**REQUIRED WORK**
In the material below, the required lines run from the one containing "Free Love Bird" through the one containing "Bacis Bundle - Educational". Copy those lines exactly, ends included, and nothing else.

**THE DATA**
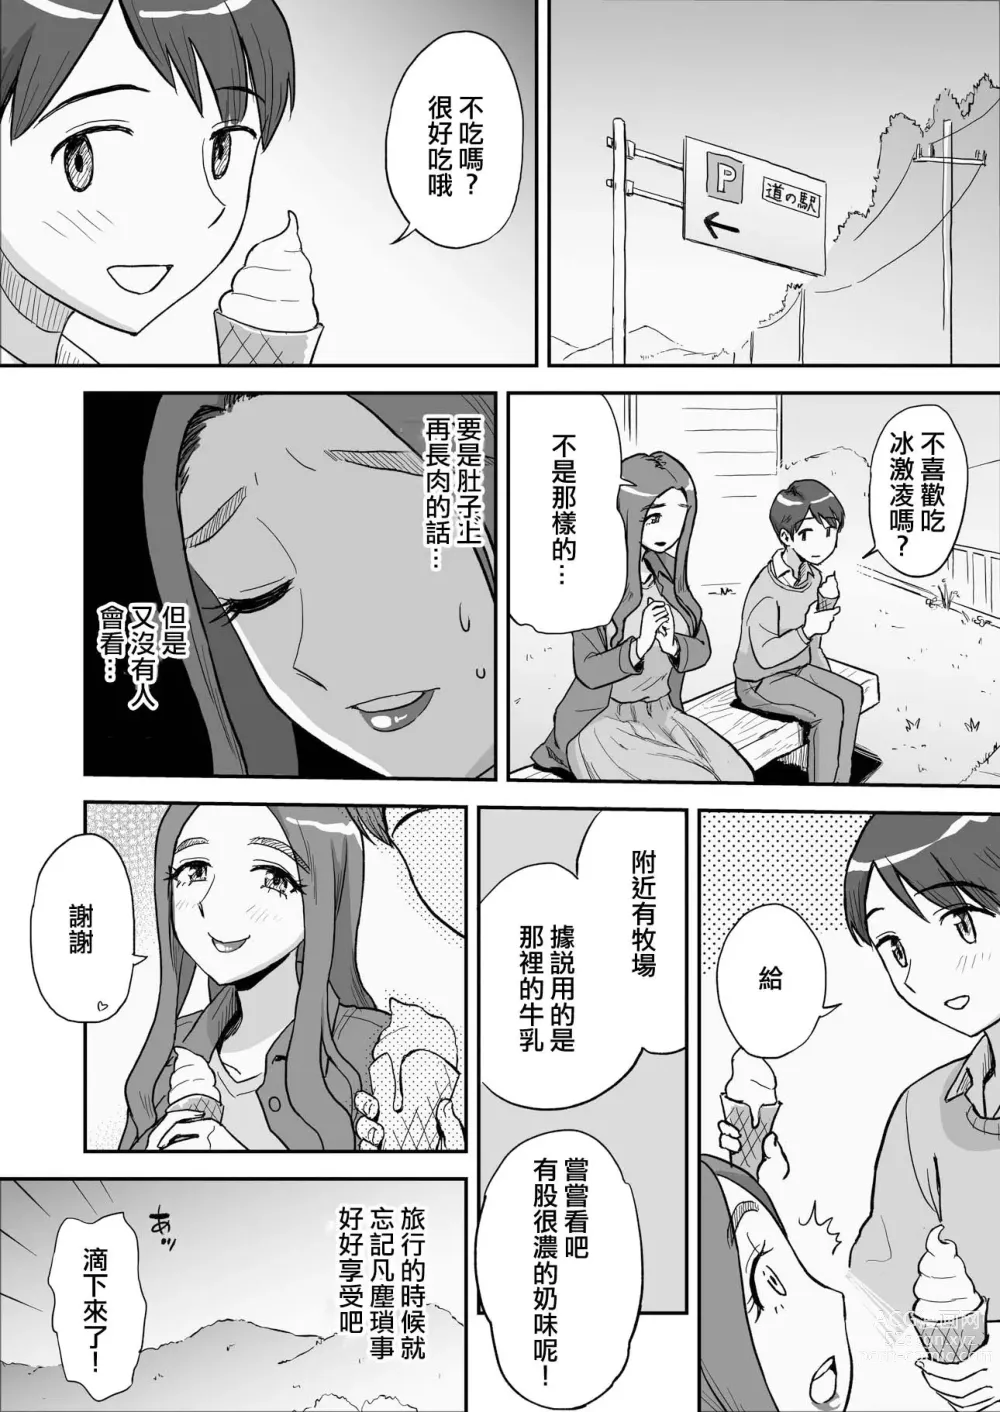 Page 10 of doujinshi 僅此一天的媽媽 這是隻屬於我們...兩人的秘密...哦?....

...

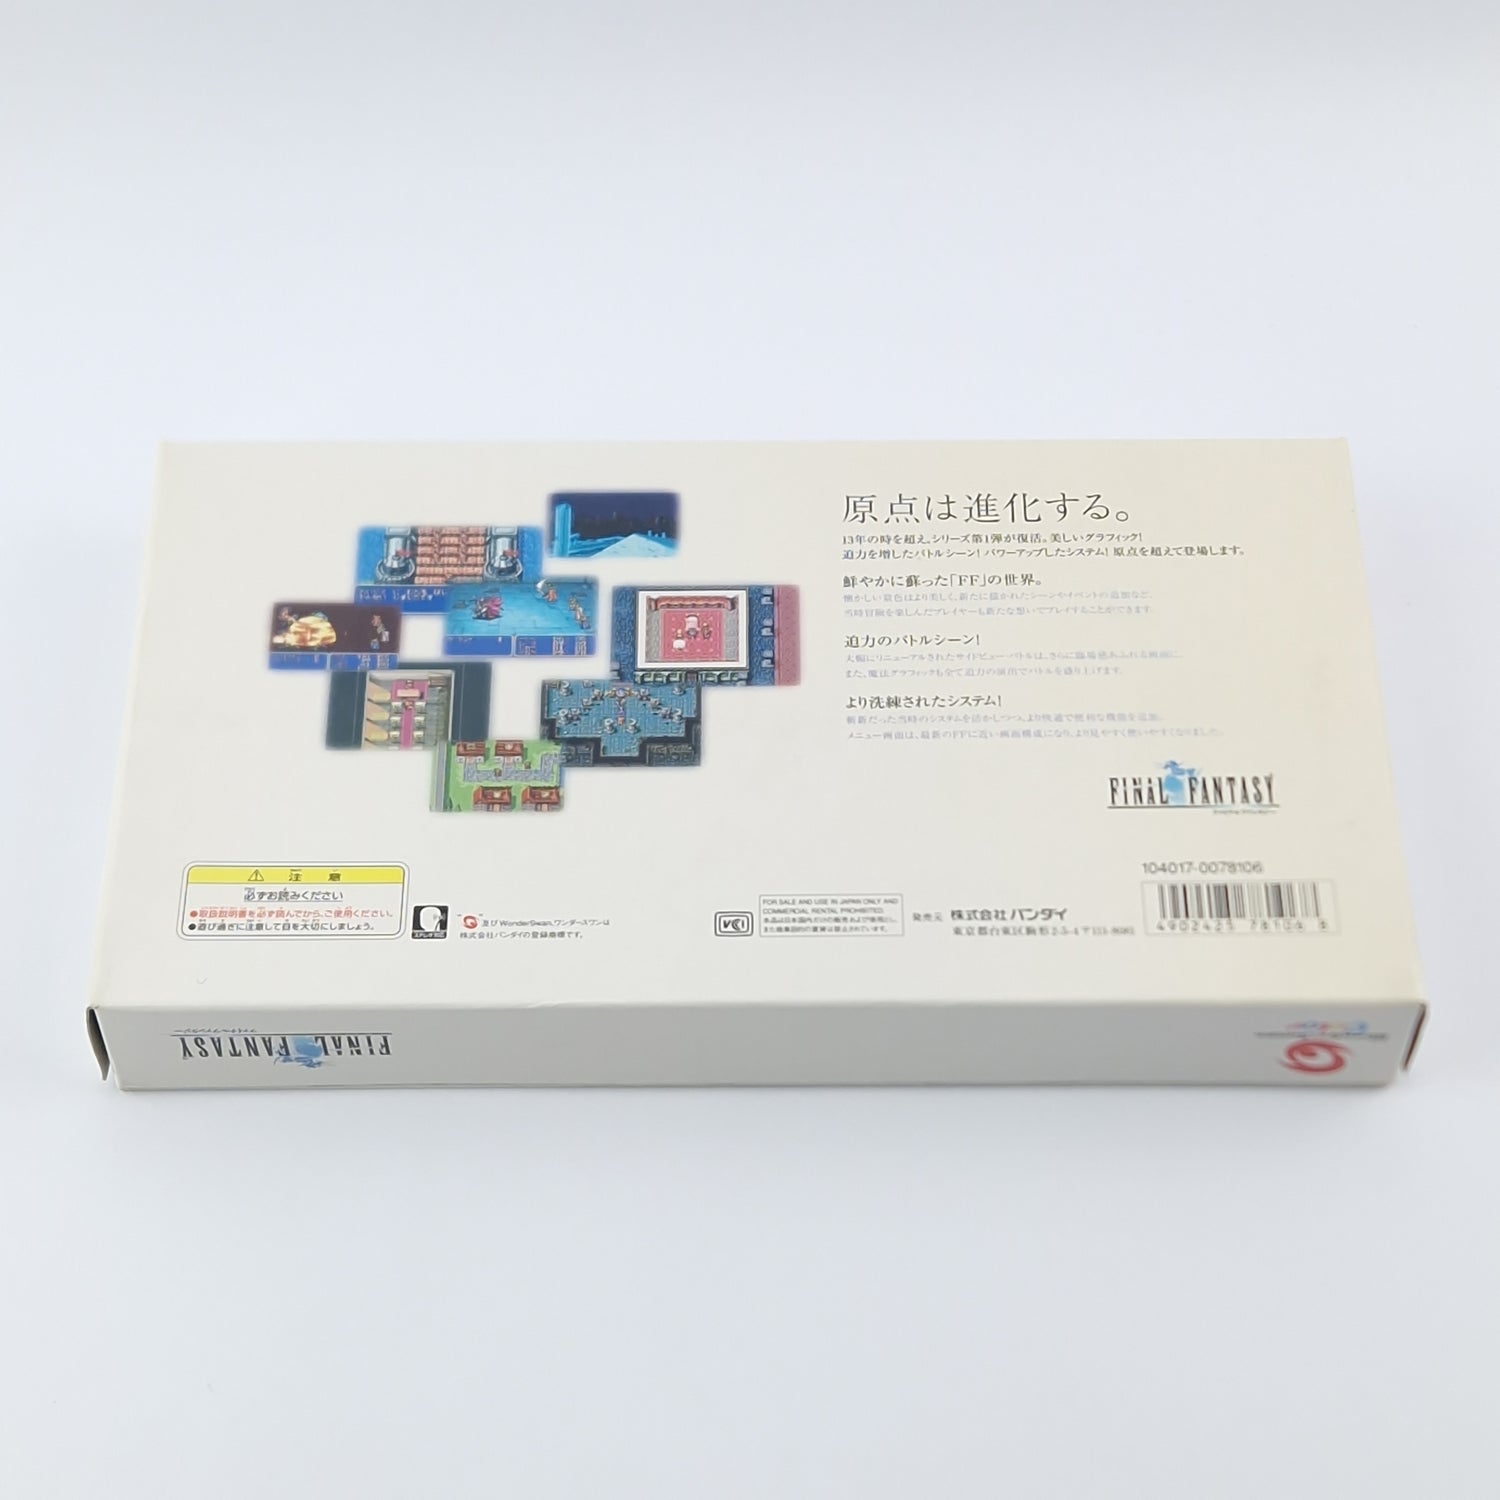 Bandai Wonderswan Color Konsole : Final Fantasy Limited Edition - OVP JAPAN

...

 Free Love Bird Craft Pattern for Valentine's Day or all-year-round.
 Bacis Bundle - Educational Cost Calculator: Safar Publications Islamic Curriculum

**COMPLETED EXERCISE**
 Free Love Bird Craft Pattern for Valentine's Day or all-year-round.
 Bacis Bundle - Educational Cost Calculator: Safar Publications Islamic Curriculum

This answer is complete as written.